Thanksgiving Storm: Where Winter Storm Boreas Will Hit And How It Will Affect Travel In Northeast, South

 @ZoeMintzz.mintz@ibtimes.com
on November 25 2013 11:16 AM

winter storm Winter Storm Boreas threatens holiday travel plans as it is heads south, east, and into the Northeast.  Twitter

A large winter storm that has already affected parts of the Western and Southwestern U.S. is threatening to spread south, east, and into the Northeast just in time for some of the busiest travel days of the year.

Winter Storm Boreas has already dumped up to a foot of snow in Utah and Colorado and caused 13 deaths and is now picking up speed as it heads for the Northeast. Computer models predict Boreas will bring snow and freezing rain in some parts of the interior Northeast beginning Tuesday.

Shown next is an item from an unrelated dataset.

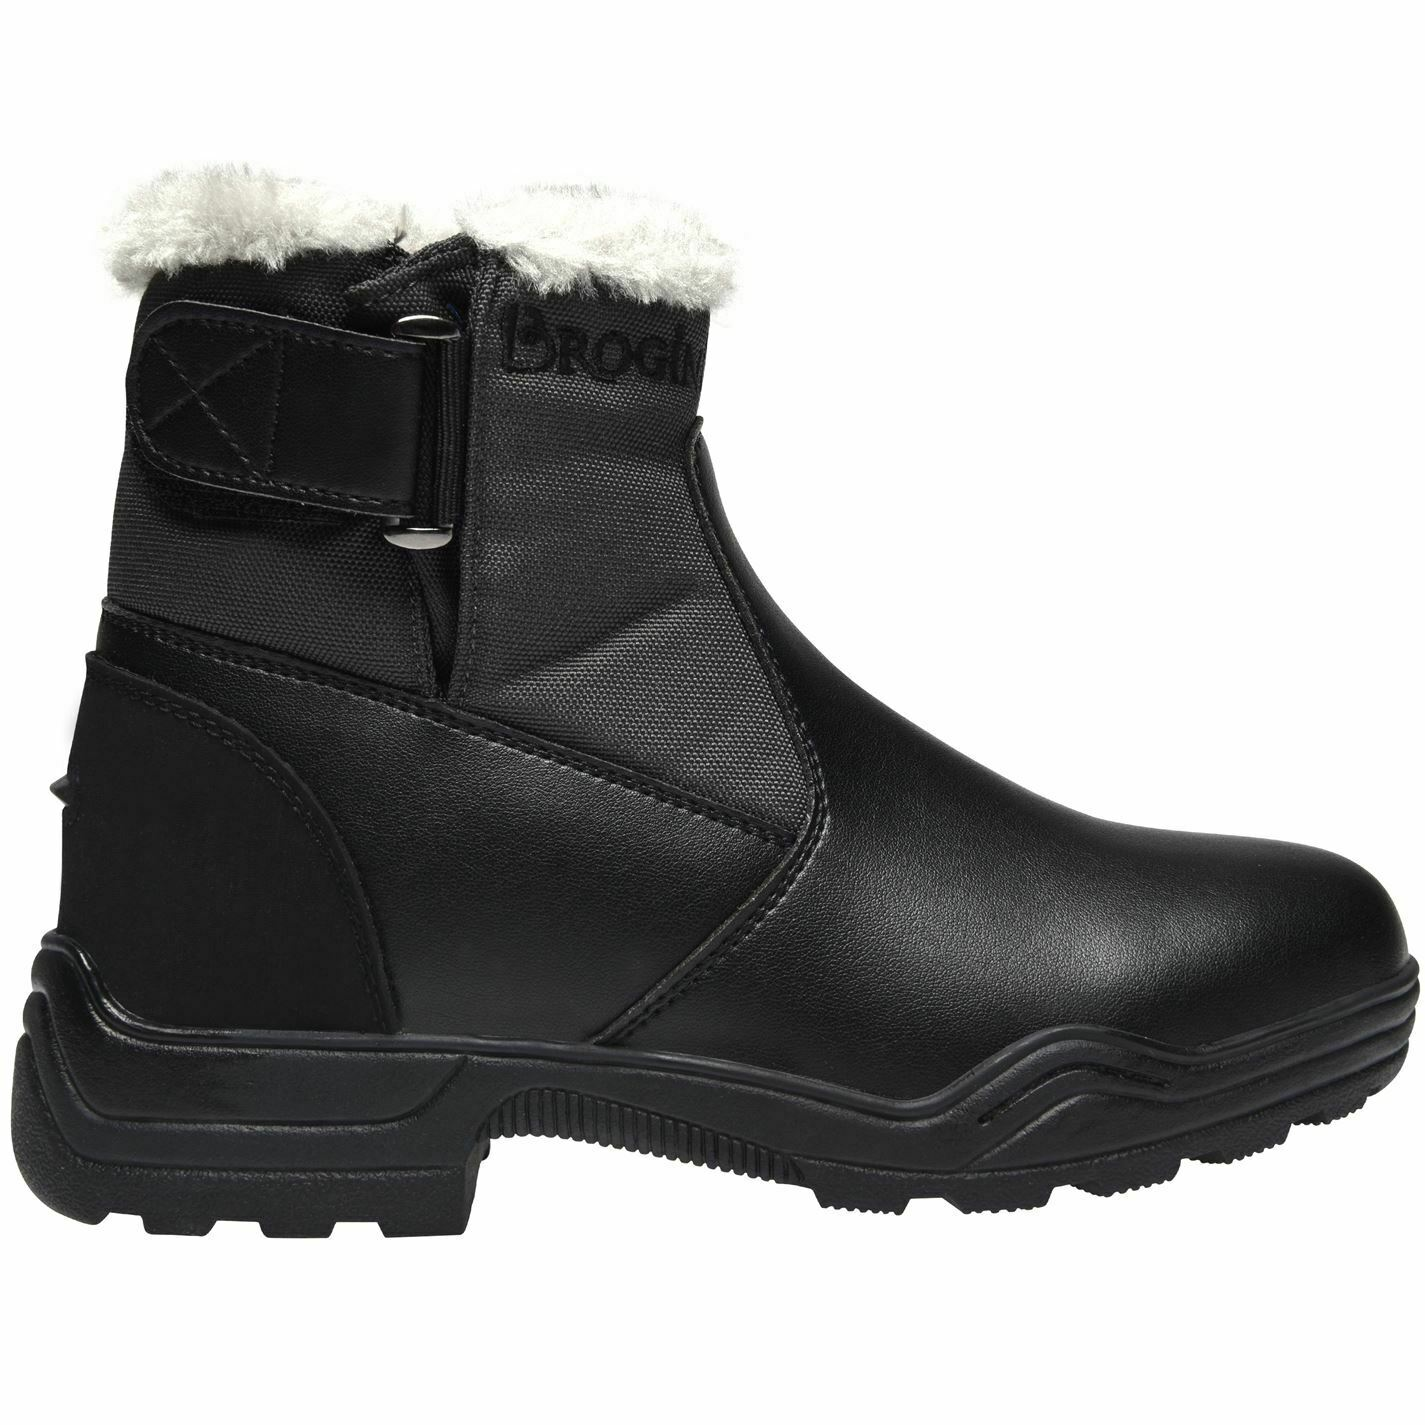 Brogini Womannens Footwear Yard laarzen toevallig Winter Warme Leer

Forecasters predict rain and ice will sweep across the South and converge as the system reaches the Great Lakes.

“That is a lethal combination for winter weather in the Northeast,” said Tom Niziol, a winter weather expert for The Weather Channel.

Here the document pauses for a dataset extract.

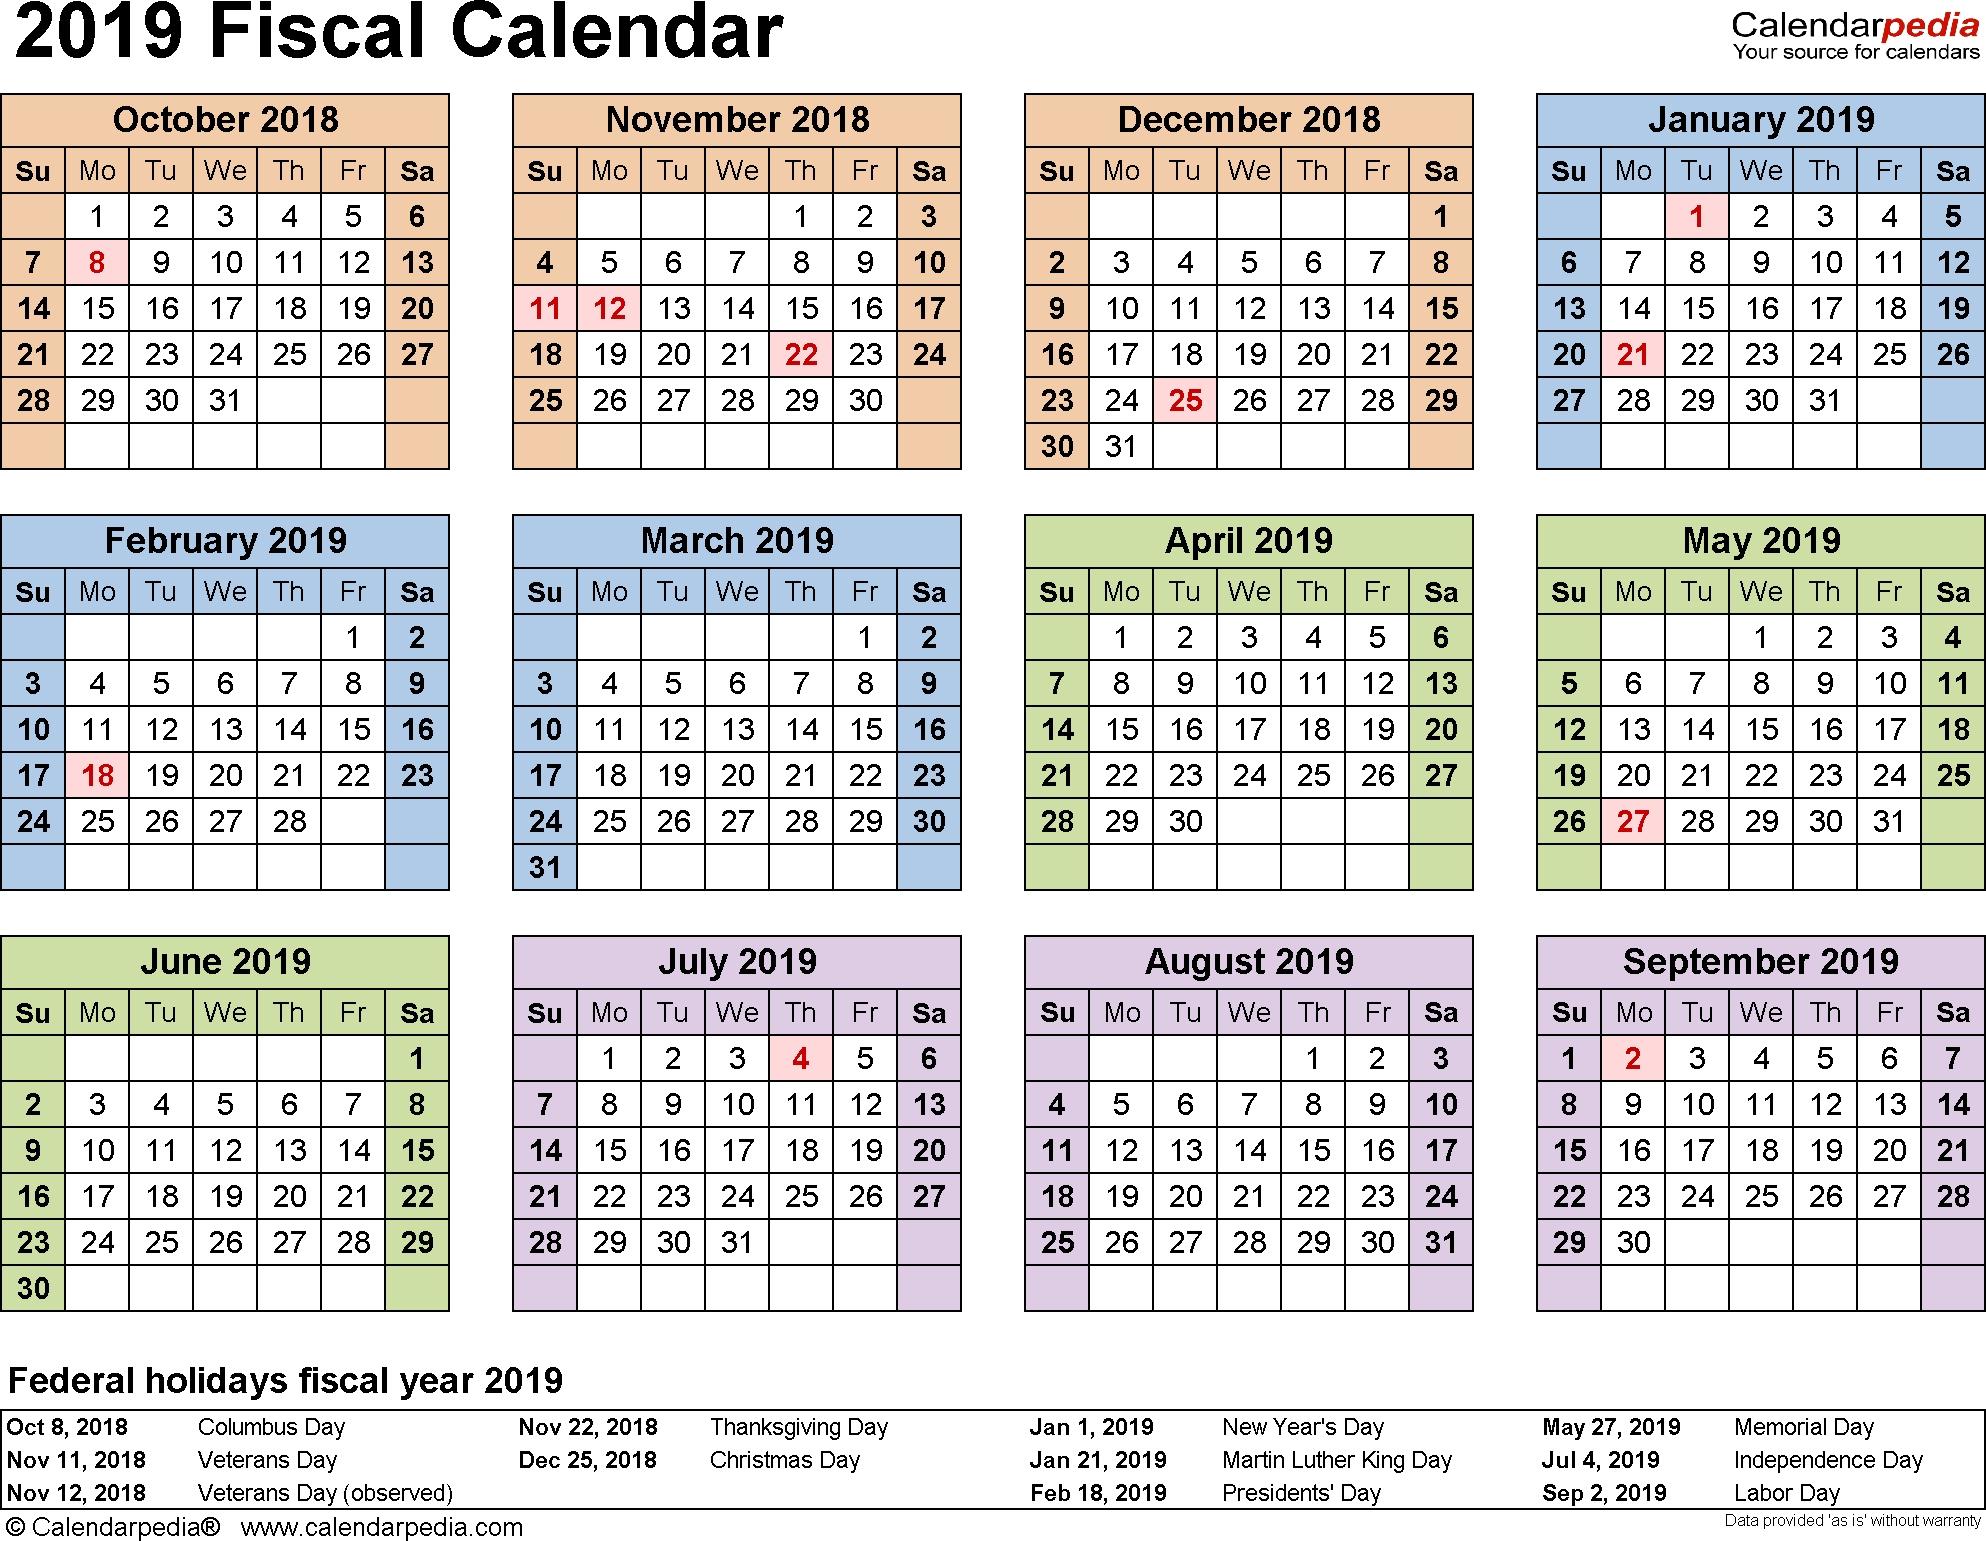 9/80 Work Schedule Calendar 2020

Want to know how the Thanksgiving storm will affect your Turkey Day travel plans? Below is a breakdown of what Boreas will bring to each region:

Northeast

The Northeast will start to feel Boreas on Tuesday. The Appalachians, Shenandoah Valley and Upper Ohio Valley will be hit with a mix of snow, sleet and freezing rain on Tuesday morning that will spread to western, central and Upstate New York, northern and western New England by Tuesday afternoon.

The storm is expected to drop a foot of snow in Buffalo and Syracuse, N.Y., and eight inches in Pittsburgh, Kevin Roth, lead meteorologist for The Weather Channel, said.

On Wednesday, snow will accumulate from Upstate New York to the central Appalachians. Sleet and freezing rain is possible north and west of Interstate 95 from Maine to northwest Virginia. By Wednesday, precipitation should have ended, with some snow expected in northern New England and lake-effect snow.

South

Boreas is expected to bring ice to Tennessee, Kentucky, Virginia, West Virginia and parts of the Carolinas late Monday night and into Tuesday. Texas to Georgia is poised to get heavy rainfall on Monday that will spread to the Carolinas on Monday night.  

The Thanksgiving storm has already hit parts of Texas, Oklahoma and Arkansas. Three people died in a dozen pileup accidents, and four were killed in Oklahoma, officials told NBC News.

The Dallas-Ft. Worth Metroplex has a winter weather advisory is in effect. American Airlines has canceled more than 300 flights today, roughly one-third of its scheduled departures.

The National Weather Service has issued a storm warning for North Texas until midday Monday, and Oklahoma is under a winter storm warning, as well as southwestern Arkansas.  

When will the storm end?

By Thanksgiving Day, the storm will have tapered off. The Northeast will still get some snow, but the rest of the country should experienced a calm but cold Turkey Day.